Research

My name ist Eric Mülling. The title of my doctoral thesis is „Big Data and Digital Disobedience“. My thesis advisors are Professor Dr. Heinz Kleger and Dr. Ansgar Klein. The project is supported by a scholarship from the Friedrich-Ebert-Foundation.

Research project

Big Data does not only stand for new data processing possibilities, it also represents a threat to civil liberties. Edward Snowden’s exposure of the surveillance programs PRISM and Tempora showed for which purposes Big Data can be used. The intelligence service’s huge database systems store dozens of Petabytes of communication flows. Public institutions collect the data of millions of people – without their knowledge and consent. Internet enterprises do the same in the interest of their advertising customers.

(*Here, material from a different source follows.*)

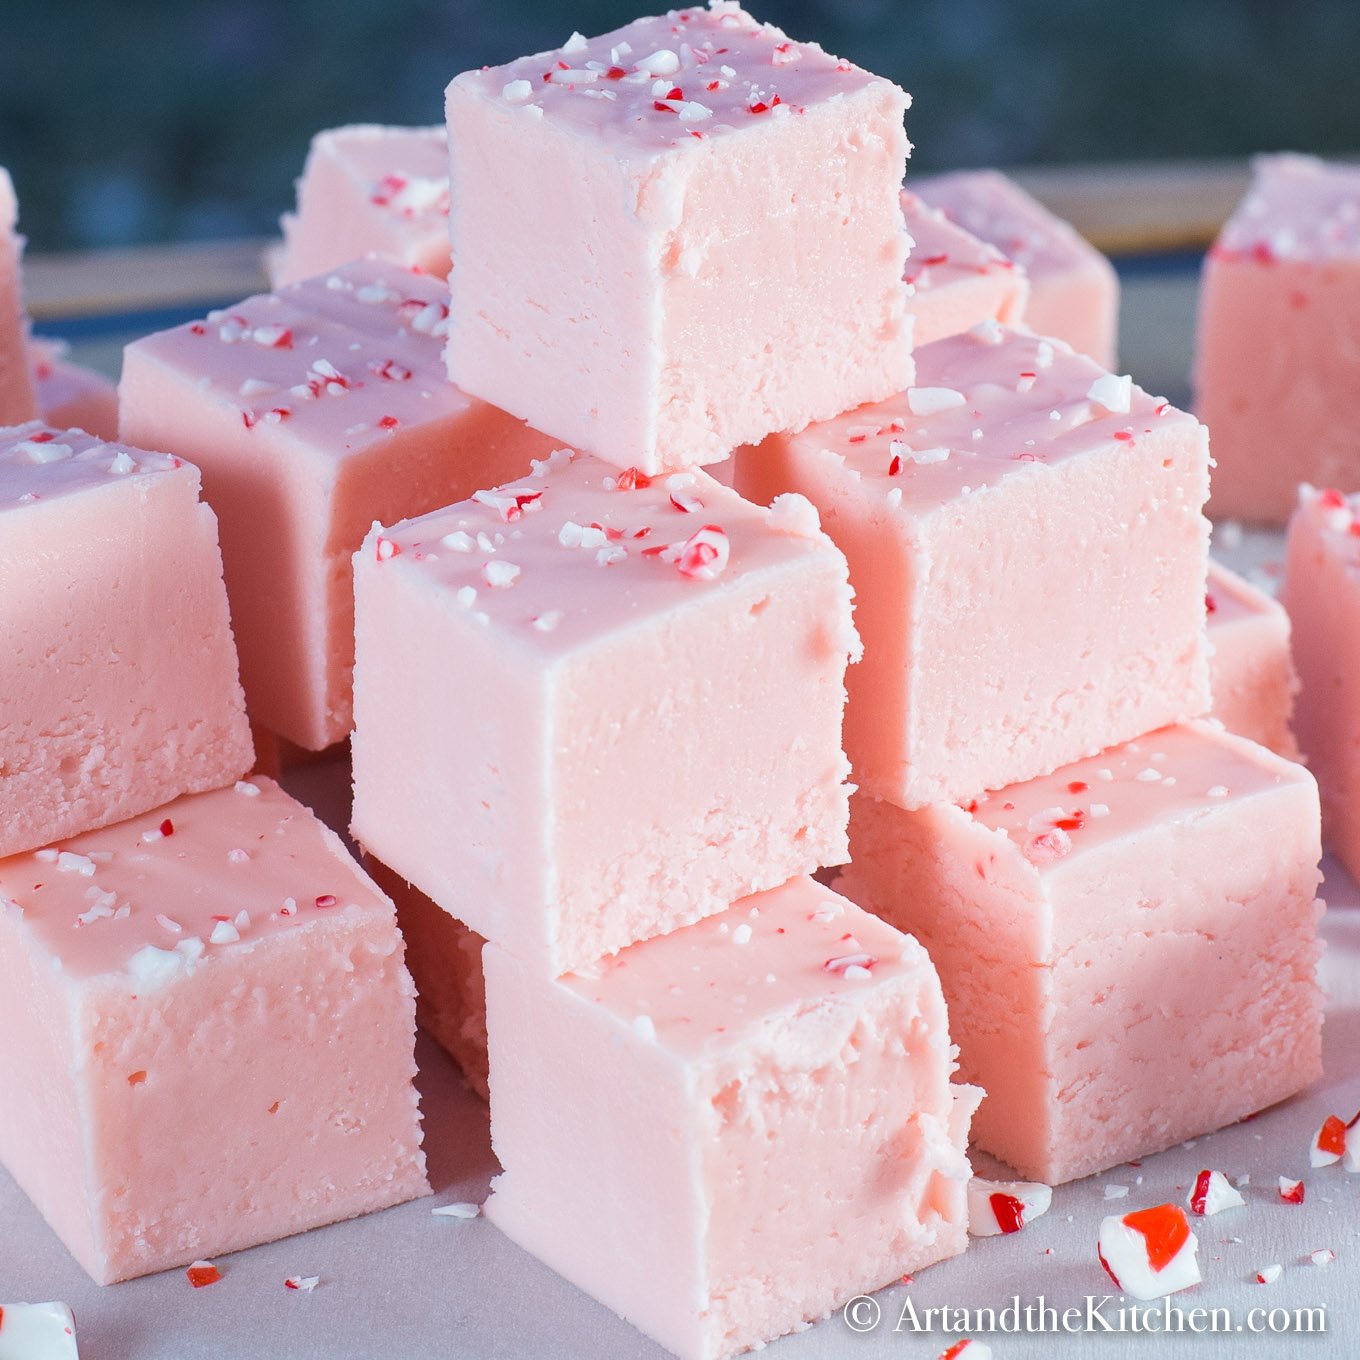 Stack of pink fudge made with ground up candy canes.

While protest in different countries remains restrained, net activists try to change these circumstances. My doctoral thesis’ point of origin is the normative appreciation that justified civil disobedience is an option for resistance. Accordingly, Digital Disobedience would be an internet-focused version of the same phenomenon and therefore a justifiable form of opposition within a liberal democracy. In this regard, Snowden’s actions would be justified and could not be criminalized – not even in reference to security.

My doctoral thesis deals with Big Data techniques, shows their potential risk for actors of digital disobedience and examines the social tension between security and freedom in the network. I aim to answer the following question: How does hegemonic data processing (Big Data) threaten net activists and their digital disobedience?